Film score by James Horner
- Released: November 6, 2015
- Recorded: 2014–2015
- Studios: Newman Scoring Stage, 20th Century Fox Studios, Los Angeles
- Genre: Film score
- Length: 63:10
- Label: WaterTower Music
- Producers: James Horner; Simon Franglen; Simon Rhodes;

James Horner chronology
| Southpaw (2015) | The 33 (2015) | Living in the Age of Airplanes (2016) |

= The 33 (soundtrack) =

2015 film soundtrack album

The 33 (Original Motion Picture Soundtrack) is the film score composed by James Horner to the 2015 biographical disaster survival drama film The 33 directed by Patricia Riggen which was based on the 2010 Copiapó mining disaster. It was one of Horner's few scores released after his death in June 2015. The film score was released posthumously on November 6, 2015, under the WaterTower Music label.

== Background ==
Patricia Riggen, the film's director, stated that James Horner signed the film as was picky on choosing the films and was profoundly moved by the script. Horner began recording the film score for The 33 in October 2014 at the Newman Scoring Stage in 20th Century Fox Studios in Los Angeles. Riggen stated that Horner was knowledgeable about Andean music and instruments, which she felt important for the film, as it reflected the culture of the story and each emotional beat—fear, hope, desperation and triumph—adding that his score captured the heart and soul of the story. It was one of Horner's posthumous releases, after he was killed in a plane crash on June 22, 2015. The score was released on November 6, 2015, through WaterTower Music.

== Reception ==
James Southall of Movie Wave wrote "The 33 isn't the kind of grand, dramatic work like most of the ones which will forever dominate people's lists of favourites but it's a really beautiful piece of music, full of passion and feeling, similarities with the composer's other South American-flavoured works only really superficial.  Inevitably it's a somewhat bittersweet experience – but an enriching one." Thomas Glorieux of Maintitles wrote "If The 33 can and will be remembered in his vast list of scores, it will be because of its heart and its highlights. The kind of highlights James Horner seemed to write [so] easily [...] It's not the best James have ever written, but you can't deny it holds riches you'll not hear from anyone else this year, and all the years to come."

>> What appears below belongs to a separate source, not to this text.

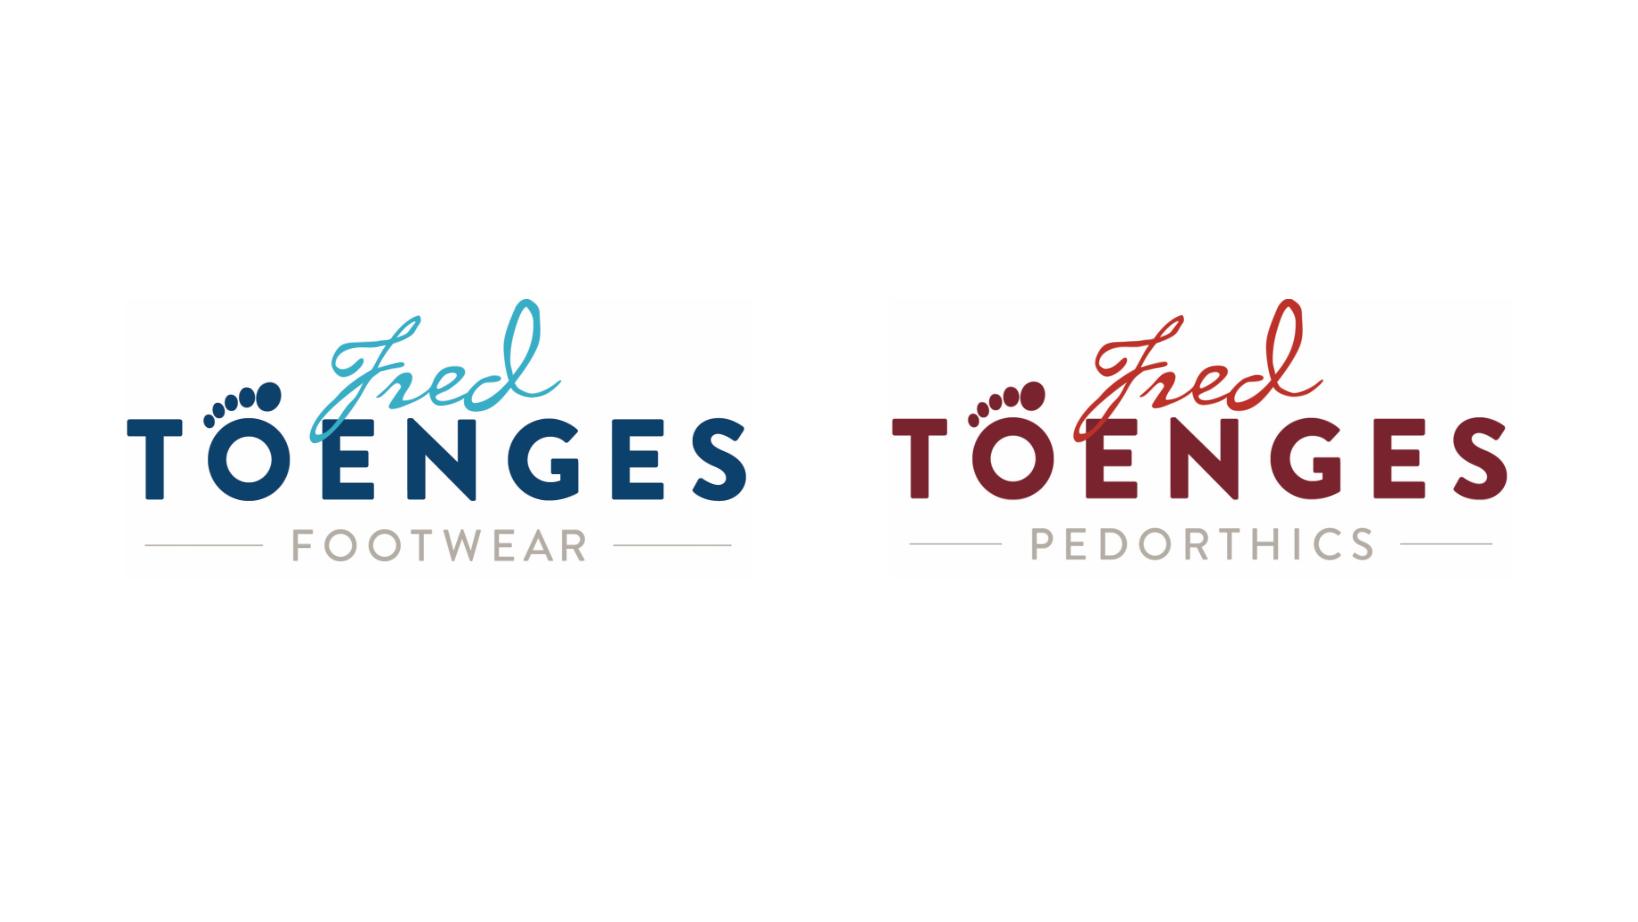 Fred Toenges Rebrand Logos
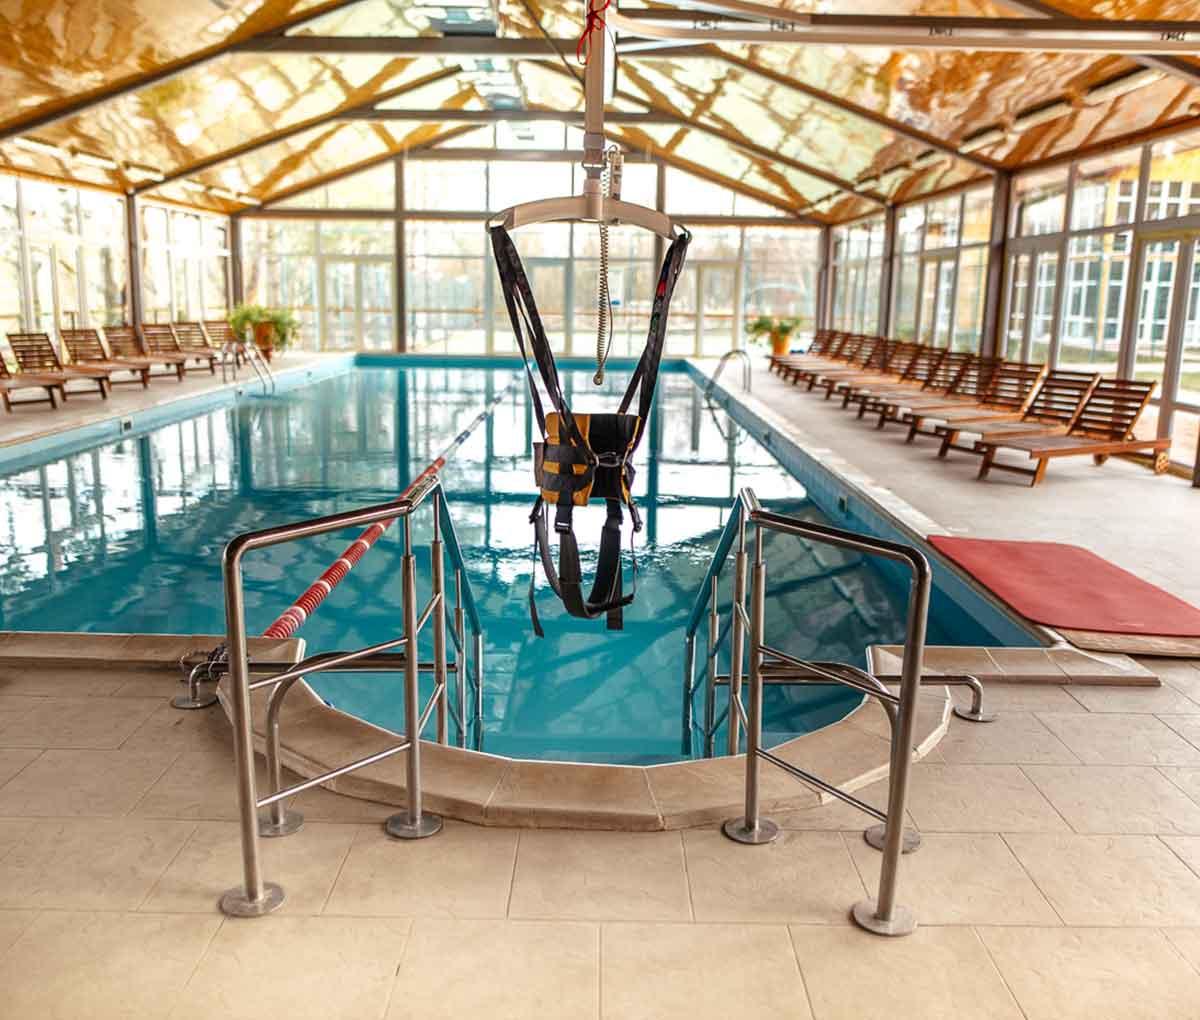 Підйомник для басейну GH1 без пацієнта

Filmtracks wrote "Perhaps more importantly, Horner concluded his career writing the music that brought him the most satisfaction in his waning years: heartfelt and respectful character drama. To that end, he succeeded." Pete Simons of Synchrotones wrote "James Horner's "The 33" is a genuinely beautiful work. Of course it's incredibly saddening to think we'll never hear this man's voice again, which means this album comes laden with 'nostalgia'. However, "The 33" can stand firmly on its own 2 (or 66) feet." Scott Tobias of Variety wrote "The musical theme, by the late James Horner, is nothing if not persistent." Blake Goble of Consequence called it "a rousing, posthumous score from James Horner that rescues this film from treacle and trite."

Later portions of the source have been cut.